Why Wrong Is Not Always Bad: I thought this was an excellent article about issues surrounding our society when it comes to teaching kids about results. It really hit the nail on the head. The quote "victims of excellence" really stands out to me because its so hard to imagine anyone being a victim when they are associated with excellence. I definitely feel like a victim of excellence sometimes. The times in this program where we are doing nothing but sharing our feelings and sharing the "process" of our learning experiences, I experience boredom because there isn't any product involved. I came directly from Undergraduate school where so much of the focus is product oriented so there are times in my mind where I don't care too much for the process and am much more interested in the product. Even more interesting is the study (which I think I have heard before, not sure where, maybe it was something that was associated with the Alfie Cone stuff we have listened to) in which the super-majority of students who were praised for being smart chose not to take the harder test that may lead to a lower score.

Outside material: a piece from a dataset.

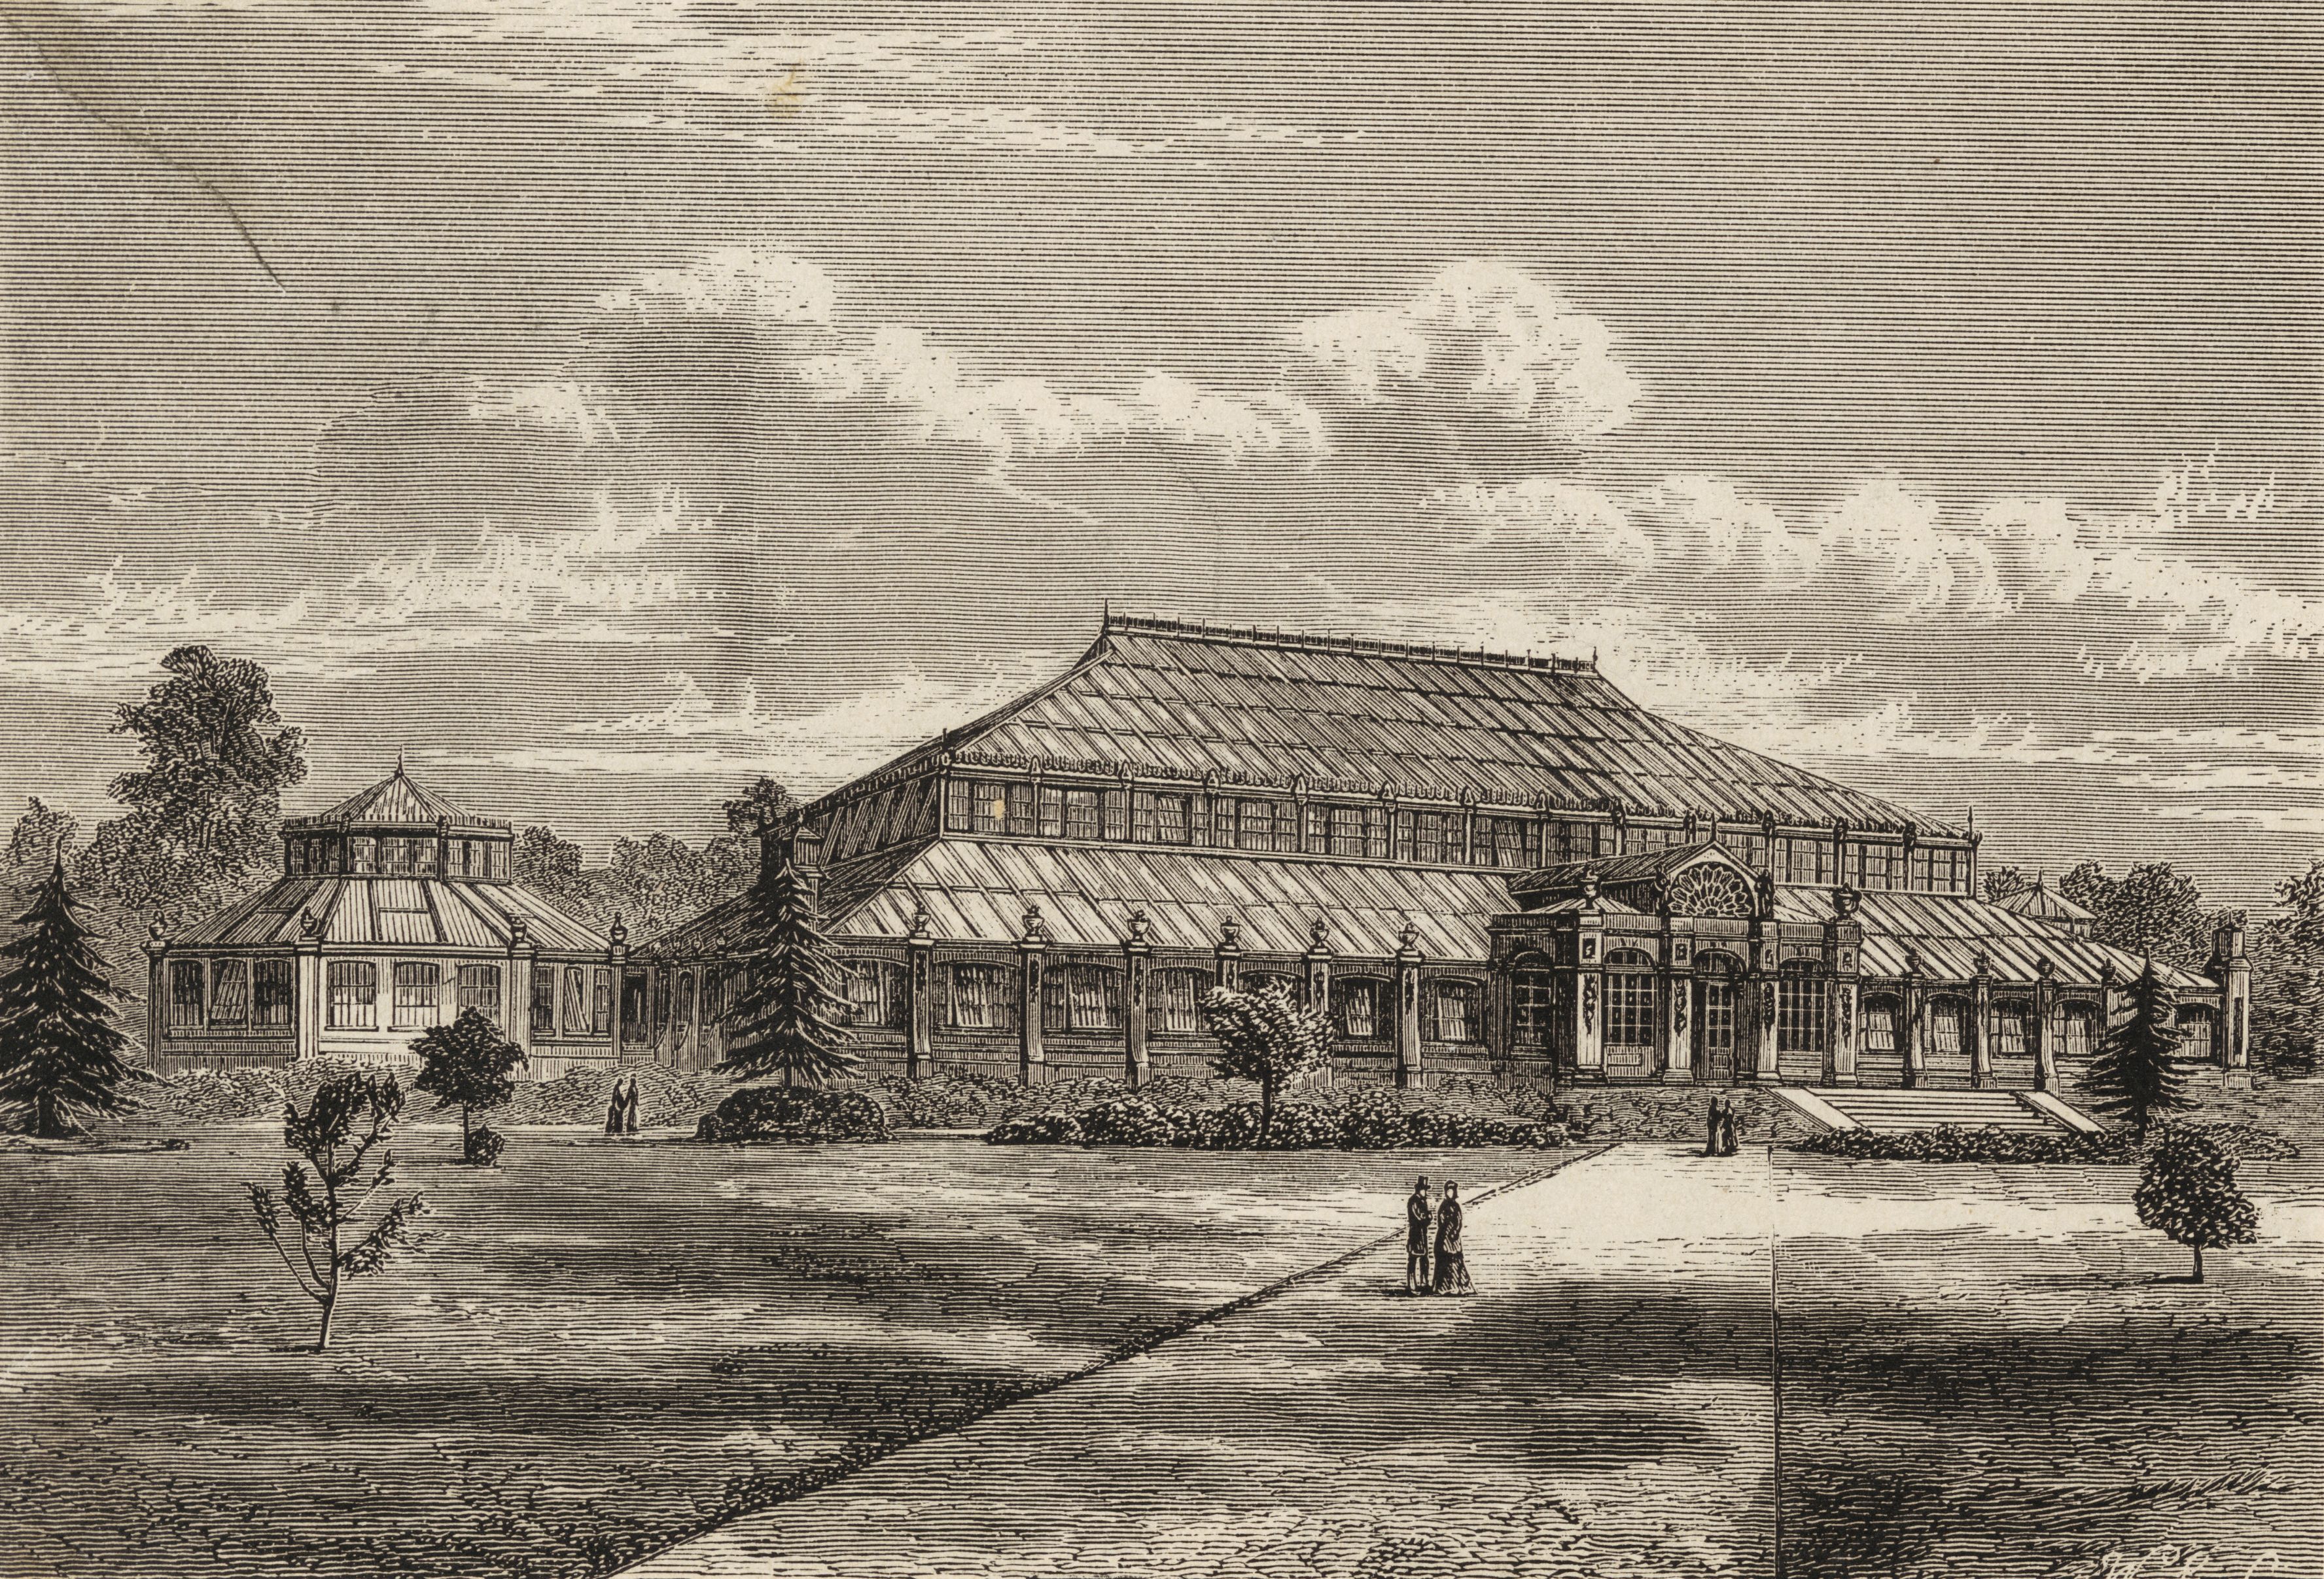 Engraving of Temperate House from 1895

This is a perfect example of "victims of excellence" because once those students have been associated with being smart, they don't want to let it go. Staying "smart" becomes more important than learning. Getting the good grade isn't the means to an end in which the end is learning and understanding the material, instead the good grade becomes the end and learning and understanding be damned.
Another portion of this commentary that I found interesting was the use of the example in comparing American and Japanese (and some Chinese) cultures. I was just talking with Ian Mansfield in class recently and he described a situation in which a student incorrectly working out a math problem would never happen here because he said that teachers want to immediately "correct" a wrong way thought because the sooner it is gotten rid of and fixed the sooner a student or the classroom will be able to learn how to do it the correct way. However, I don't agree at all with the teacher the writer referenced at the end of the article who said they would rather hire a B or C student than an A student because the B or C student is willing to take risks and be wrong. This seems like a very silly thing to determine because who says that that was the reason they got Bs and Cs? Couldn't it just be the case that they were just lazy and didn't want to work hard enough for the A? It just seems way too much of a jump to assume that they got a B or C because they were not afraid to make mistakes.
Interesting discussion of the process-product dimension. You are entering a field where the "product" is a person, the results of which will not be seen (if at all) many years in the future and the very idea of a person as a product borders on the dehumanizing, and the process of evaluating your work shifts towards more fundamental self-awareness than empirical data.